*** THE DATA Section Begins ***

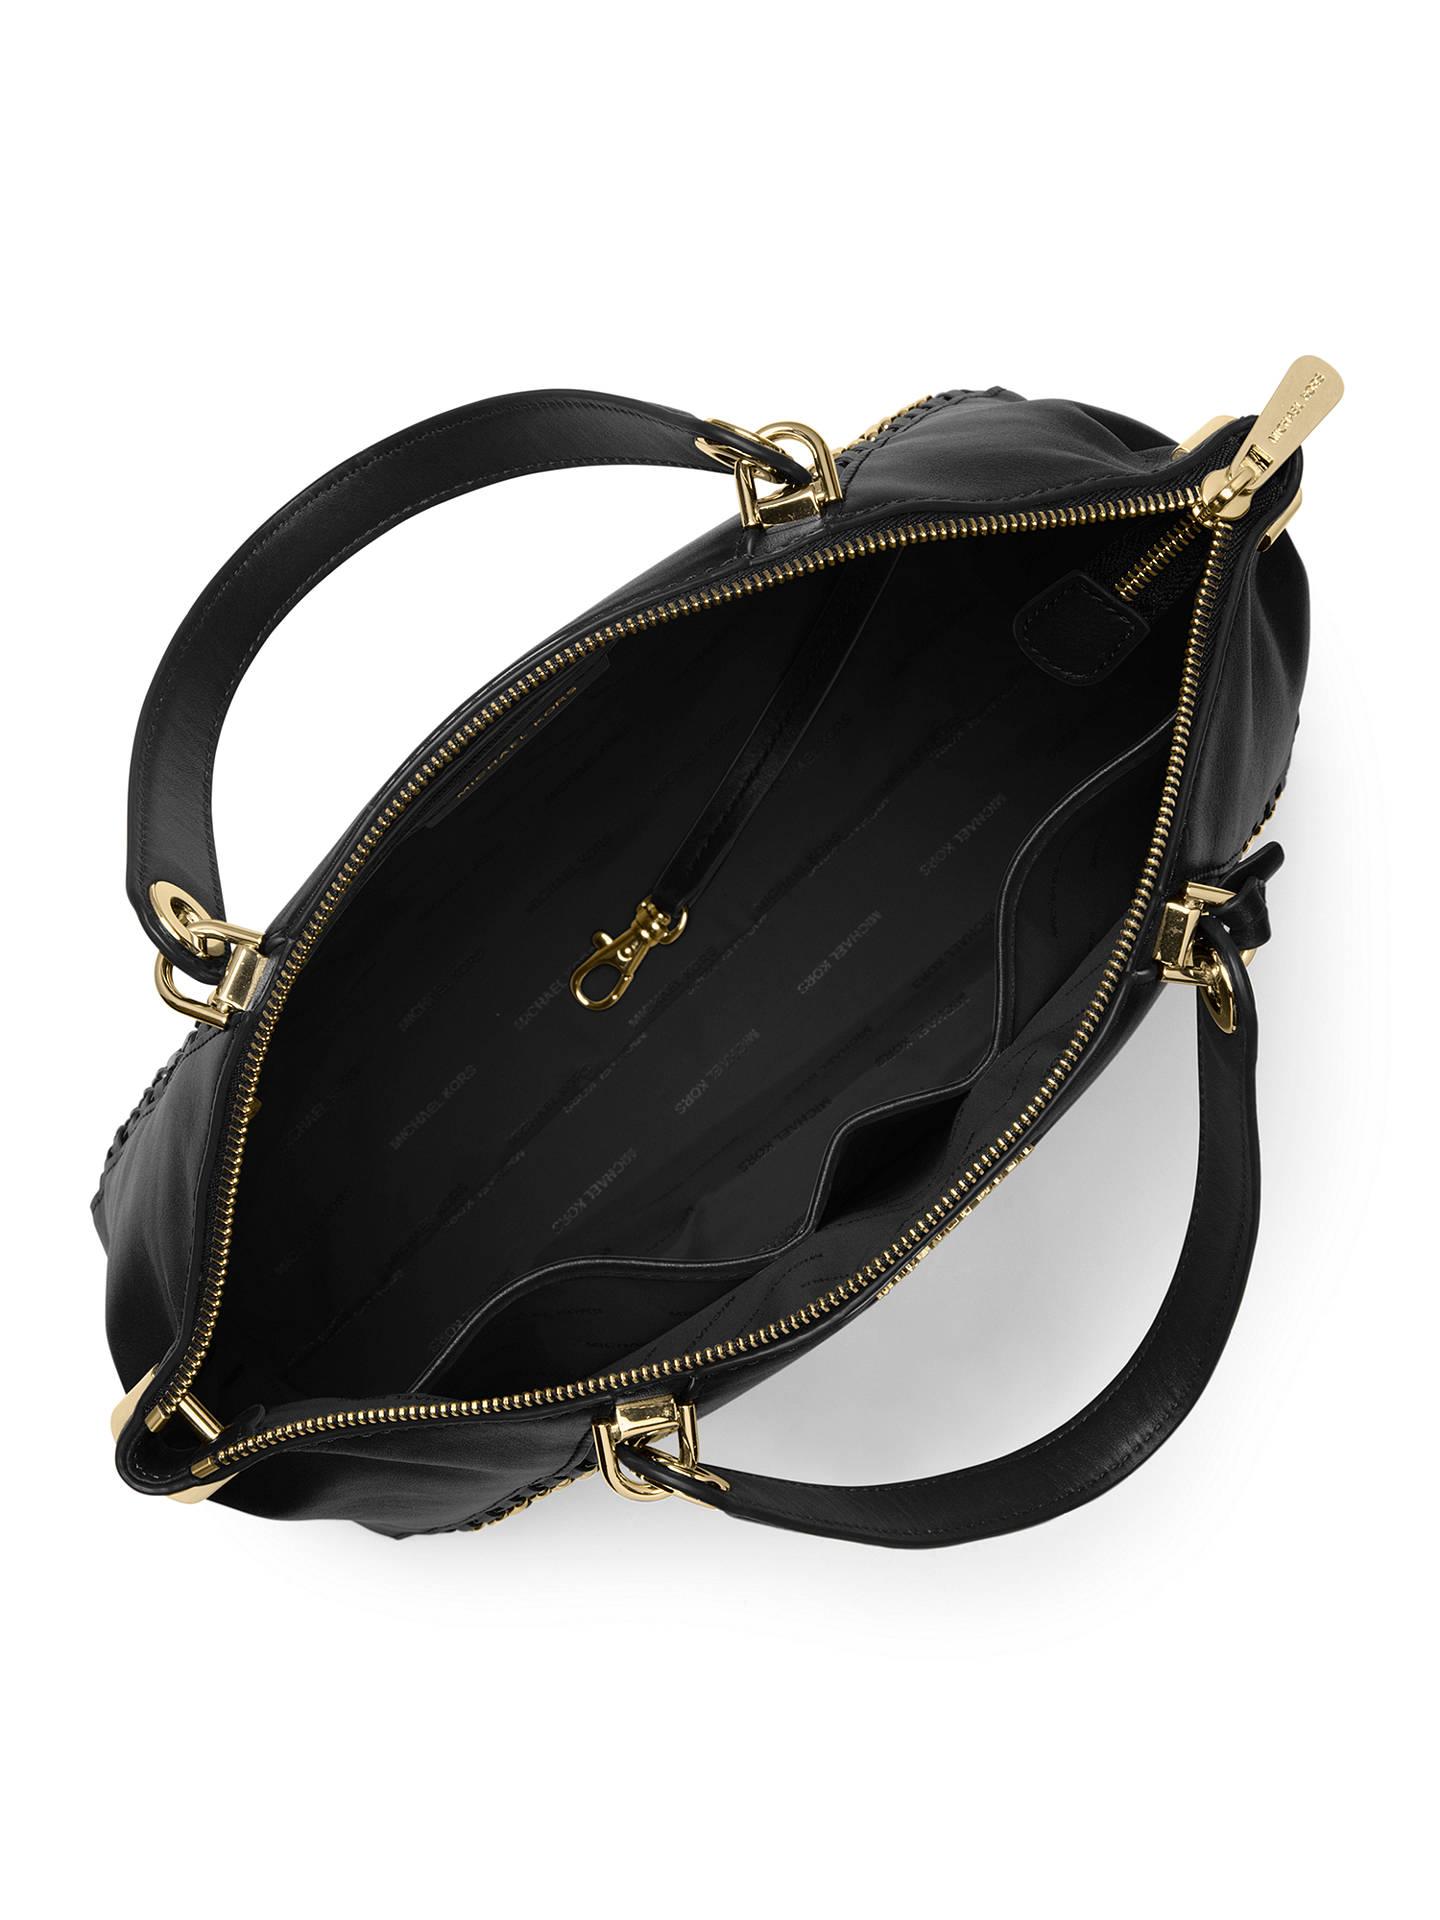 239419a797479c ... Buy MICHAEL Michael Kors Sadie Large Leather Satchel Bag, Black Online  at johnlewis.com ...
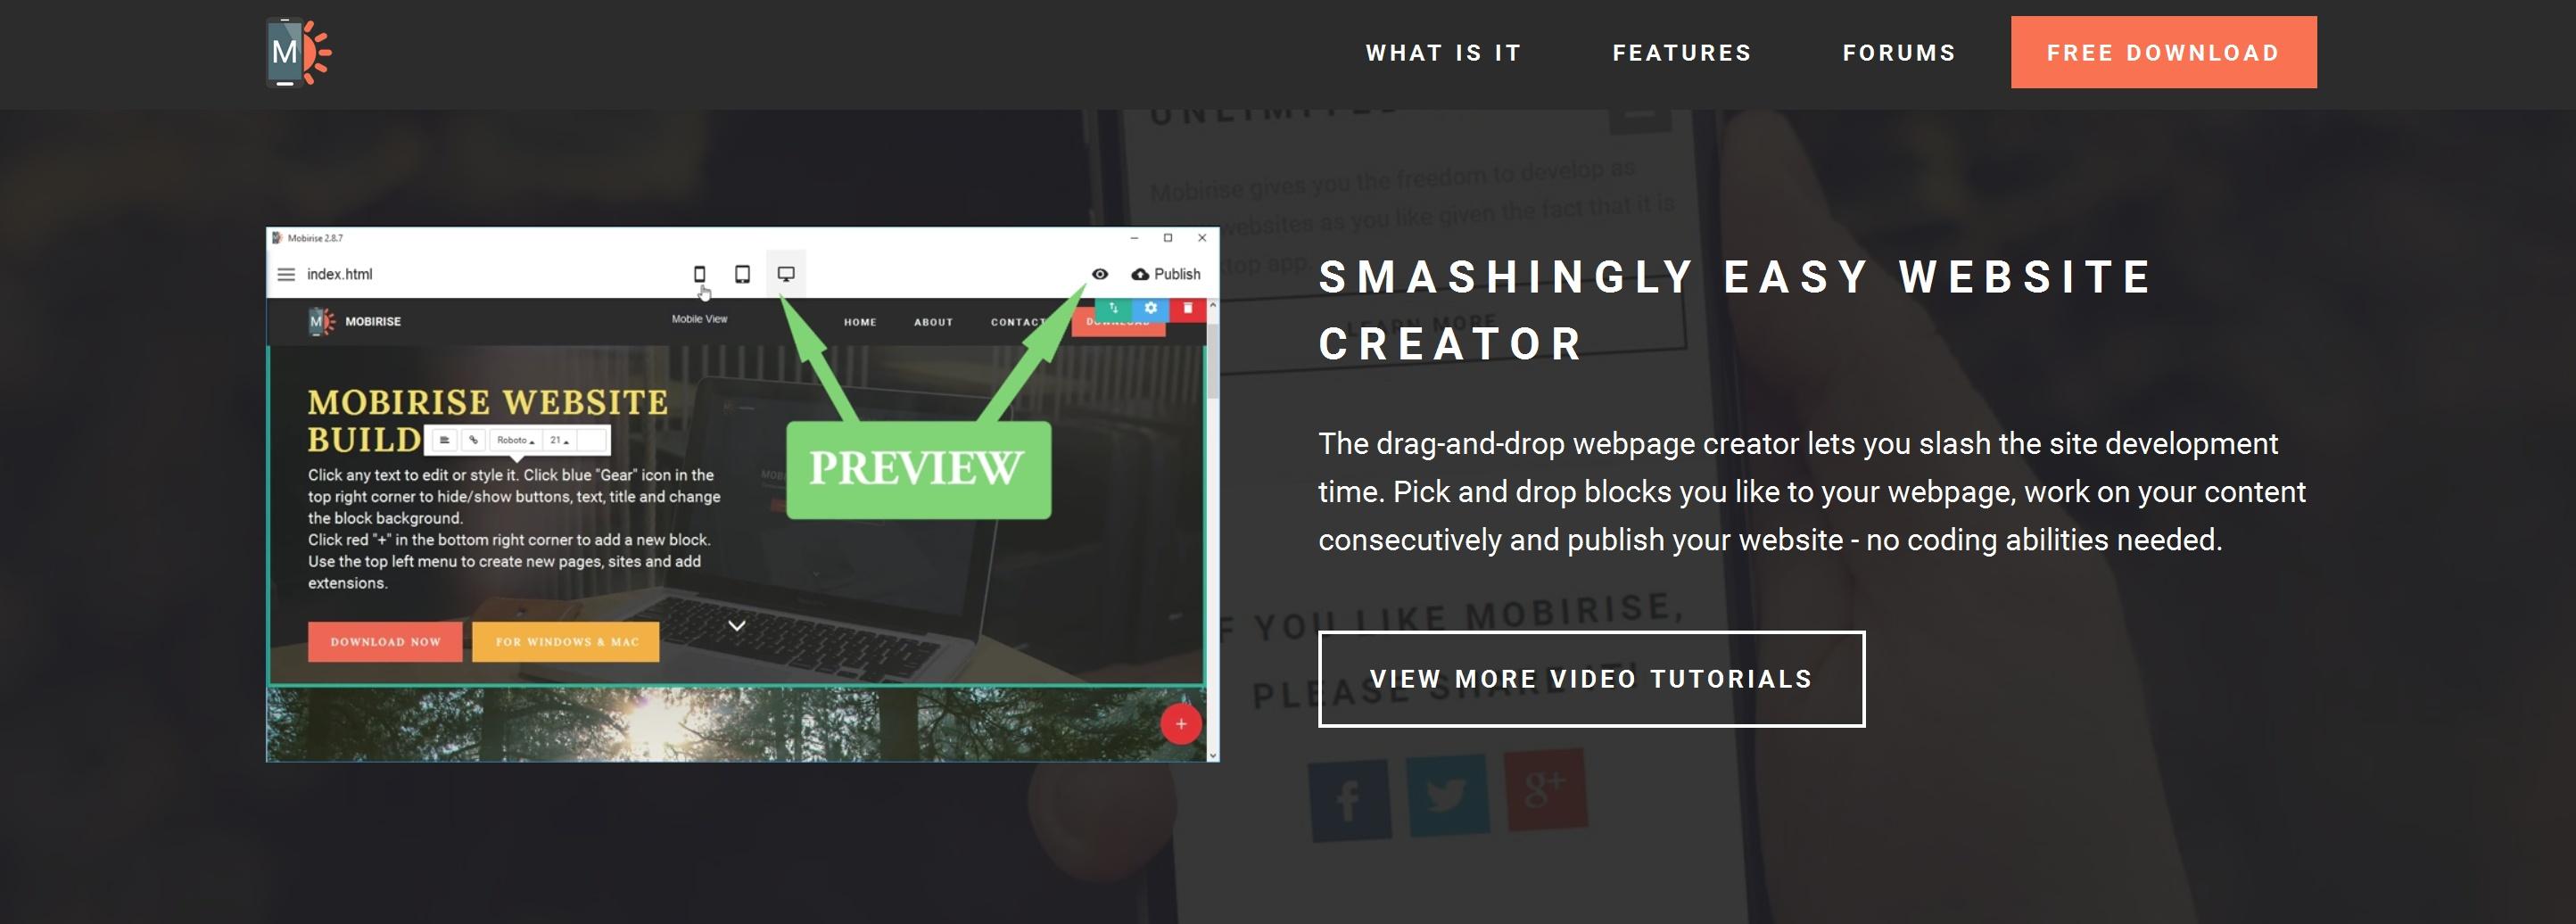 Very Simple Website Creator
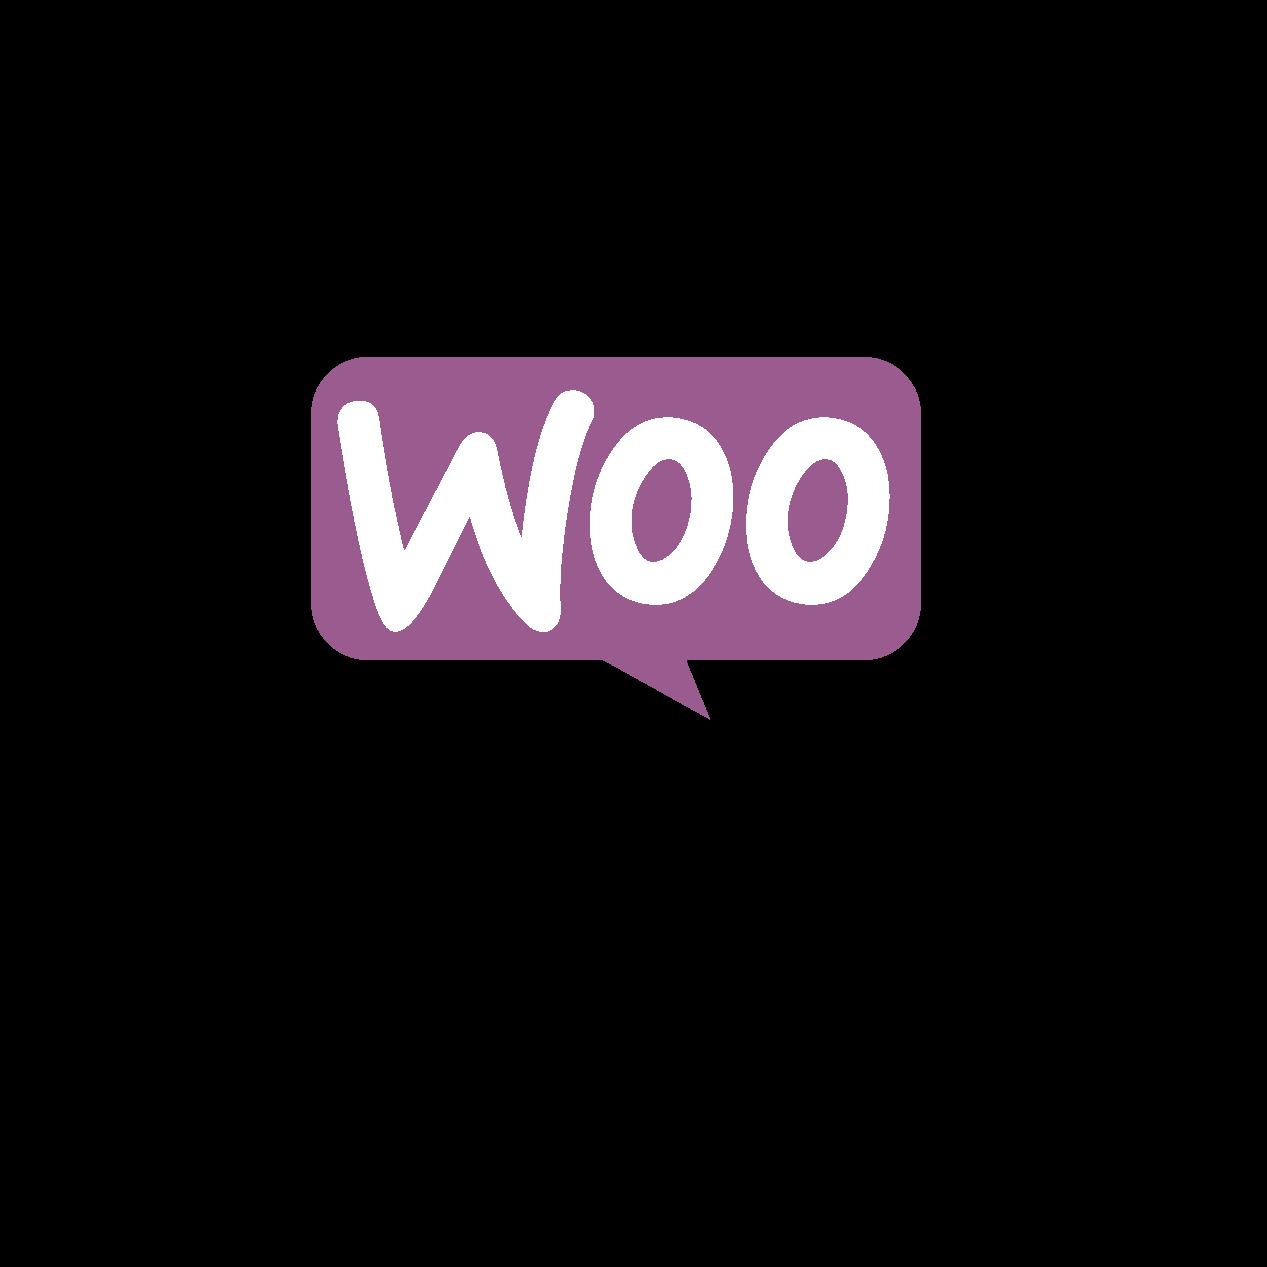 Keunggulan Woocommerce Yang Anda Ketahui
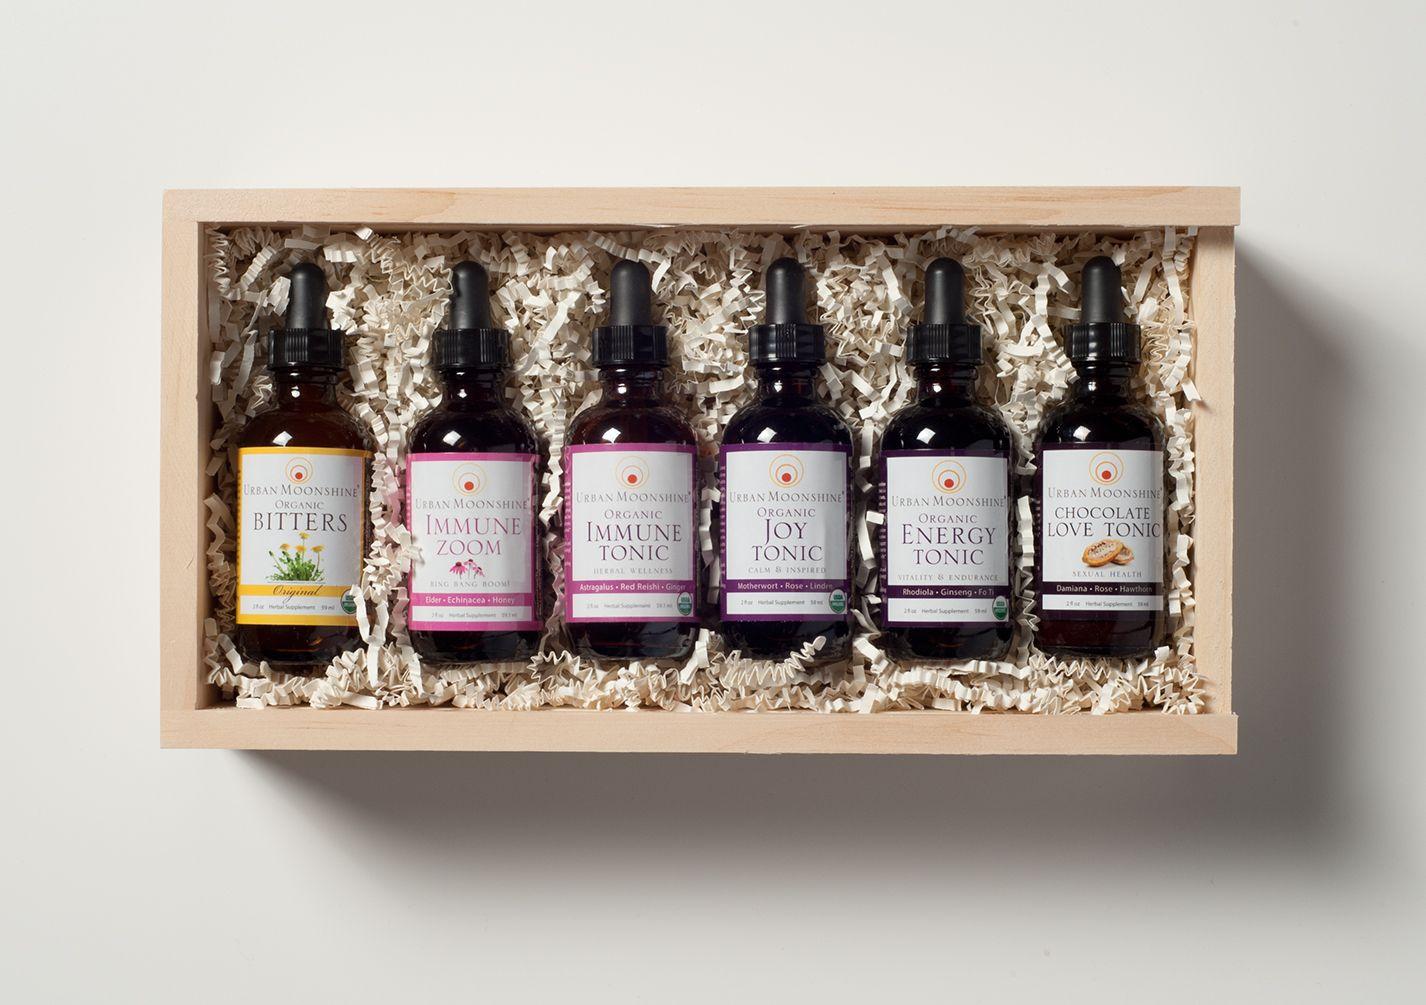 Everyday apothecary wooden box set urban moonshine

*** THE DATA Section Ends ***

▶ _WHAT YOU SHOULD DO_
Without the pictures, retype the whole of the material above exactly.

▶ _OUTPUT_
 239419a797479c ... Buy MICHAEL Michael Kors Sadie Large Leather Satchel Bag, Black Online  at johnlewis.com ...
 Very Simple Website Creator
 Keunggulan Woocommerce Yang Anda Ketahui
 Everyday apothecary wooden box set urban moonshine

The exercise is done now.